Stemming vs Lemmatization

Truncate a word to its root or base unit

Aditya Beri
Towards Data Science

--

Stemming and Lemmatization are text normalization techniques within the field of Natural language Processing that are used to prepare text, words, and documents for further processing. In this blog, you may study stemming and lemmatization in an exceedingly practical approach covering the background, applications of stemming and lemmatization, and the way to stem and lemmatize words, sentences and documents using the Python nltk package which is the natural language package provided by Python

In natural language processing, you may want your program to acknowledge that the words “kick” and “kicked” are just different tenses of the same verb. this can be the concept of reducing different kinds of a word to a core root.

Stemming

Stemming is the process of producing morphological variants of a root/base word. Stemming programs are commonly referred to as stemming algorithms or stemmers.

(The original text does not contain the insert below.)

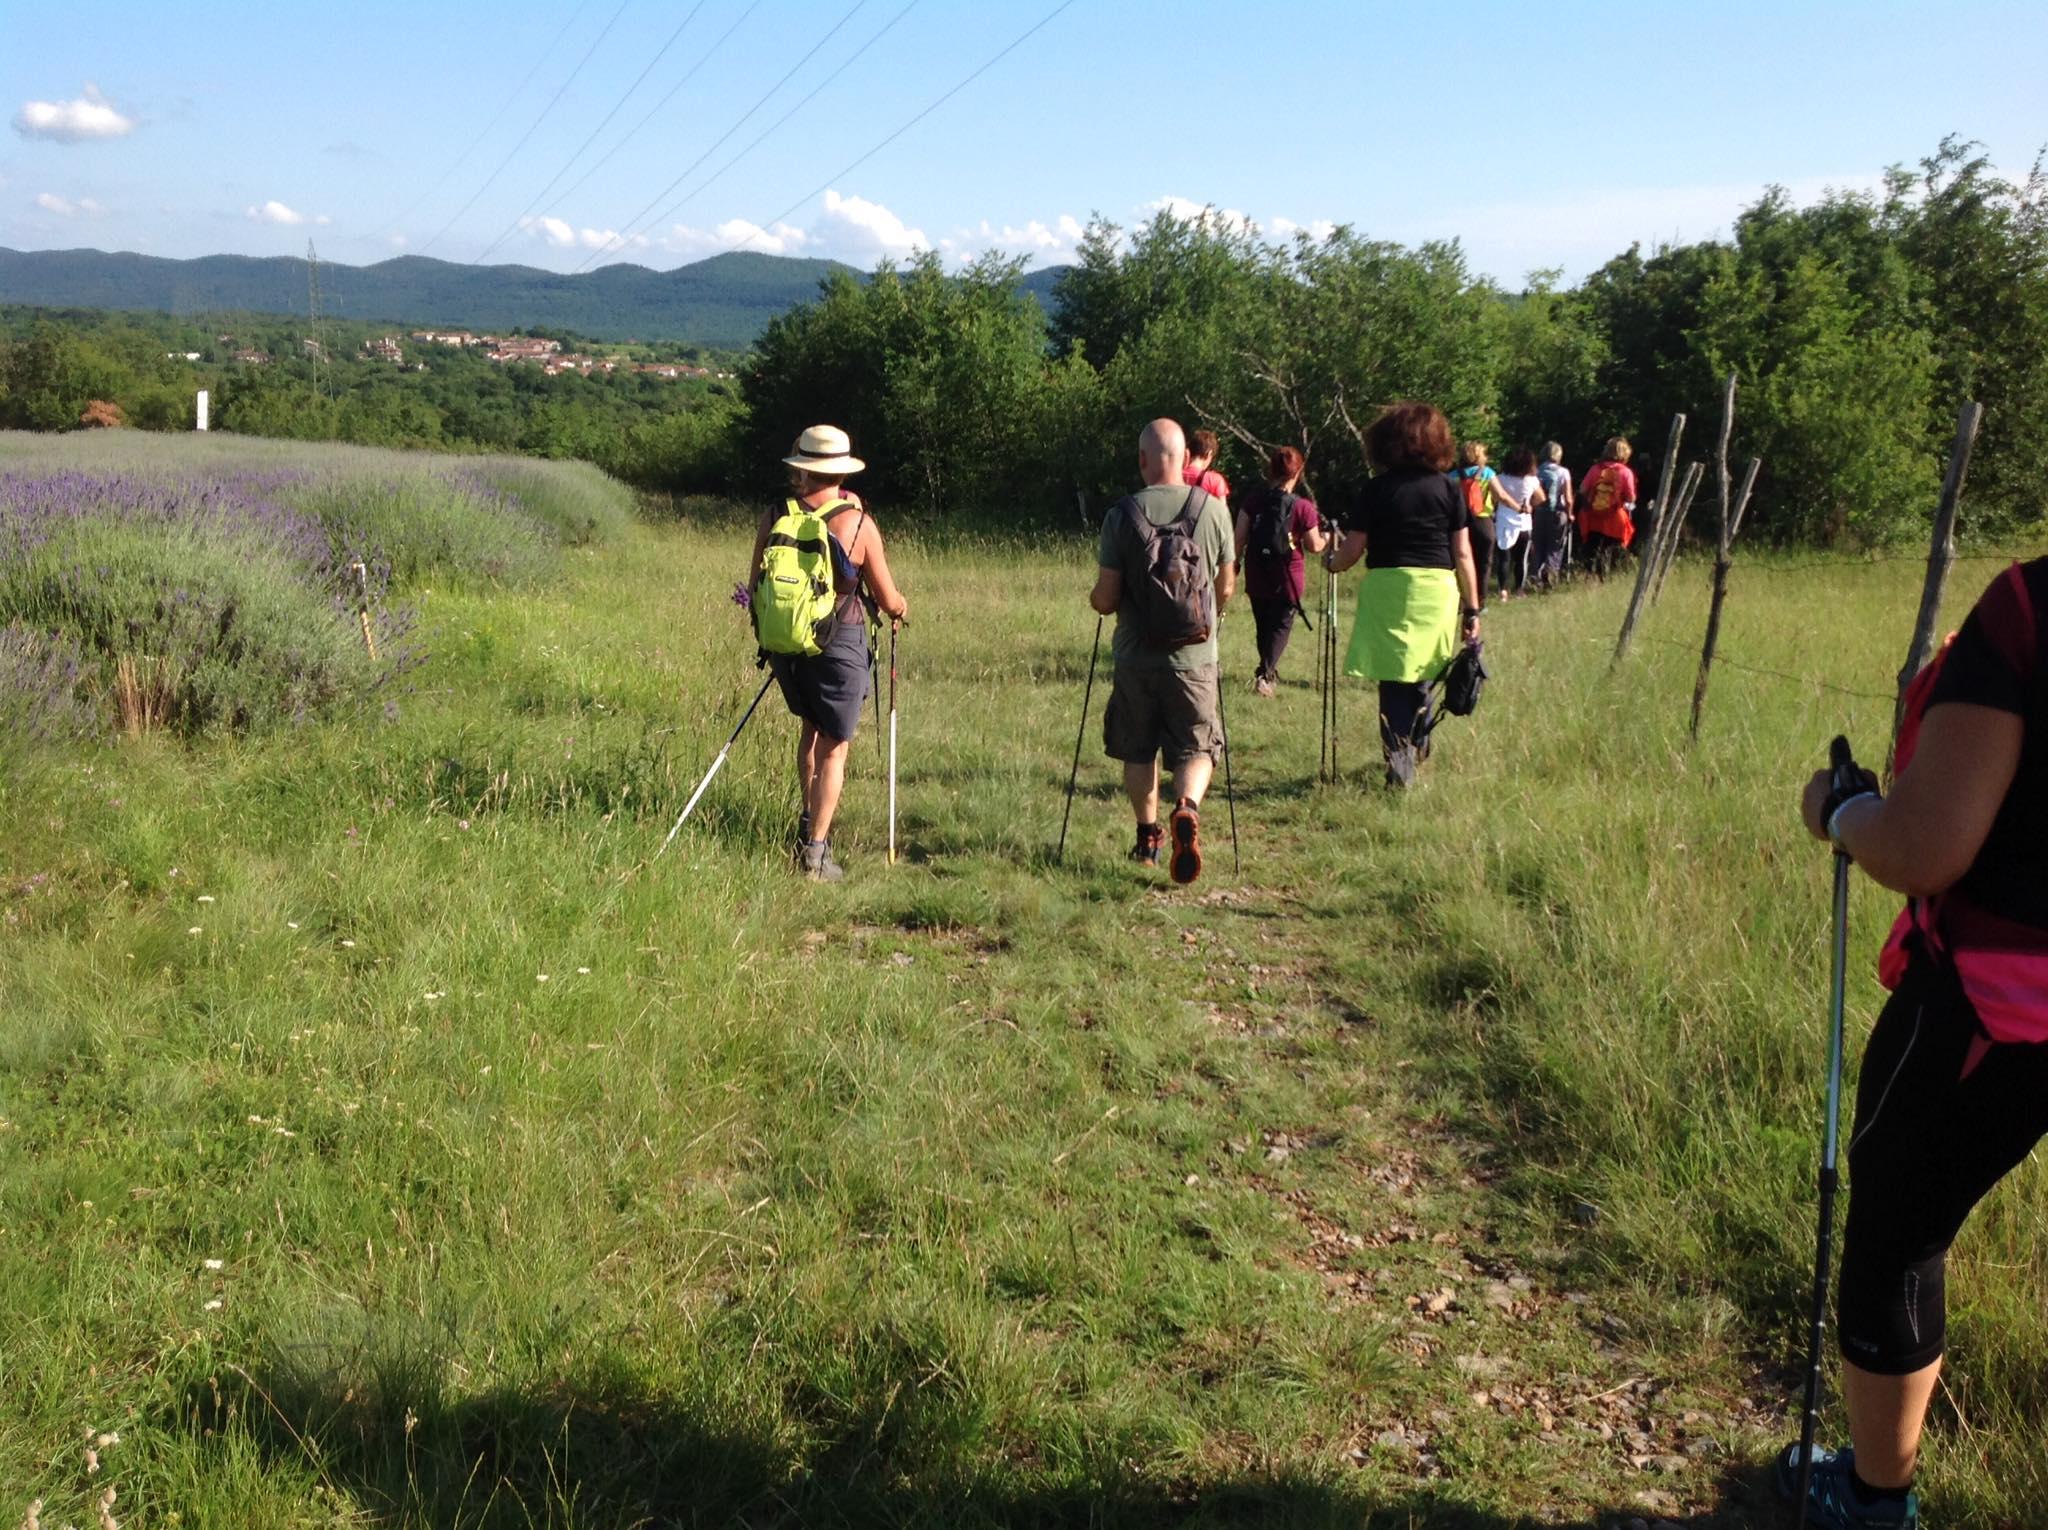 2020-06-17 Nordic Walking - Gorjansko-Ivanij Grad (S) (2)

Often when searching text for a certain keyword, it helps if the search returns variations of the word. For instance, searching for “boat” might also return “boats” and “boating”. Here, “boat” would be the stem for [boat, boater, boating, boats].

Stemming is a somewhat crude method for cataloging related words; it essentially chops off letters from the end until the stem is reached. This works fairly well in most cases, but unfortunately English has many exceptions where a more sophisticated process is required. In fact, spaCy doesn’t include a stemmer, opting instead to rely entirely on lemmatization.

Porter Stemmer

One of the most common — and effective — stemming tools is Porter’s Algorithm developed by Martin Porter in 1980. The algorithm employs five phases of word reduction, each with its own set of mapping rules. In the first phase, simple suffix mapping rules are defined, such as:

# Import the toolkit and the full Porter Stemmer library
import nltk

from nltk.stem.porter import *
p_stemmer = PorterStemmer()words = ['run','runner','running','ran','runs','easily','fairly']for word in words:
print(word+' --> '+p_stemmer.stem(word))

Output

run --> run
runner --> runner
running --> run
ran --> ran
runs --> run
easily --> easili
fairly --> fairli

Note how the stemmer recognizes “runner” as a noun, not a verb form or participle. Also, the adverbs “easily” and “fairly” are stemmed to the unusual root “easili” and “fairli”

Snowball Stemmer

This is somewhat of a misnomer, as Snowball is the name of a stemming language developed by Martin Porter. The algorithm used here is more accurately called the “English Stemmer” or “Porter2 Stemmer”. It offers a slight improvement over the original Porter stemmer, both in logic and speed. Since nltk uses the name SnowballStemmer, we’ll use it here.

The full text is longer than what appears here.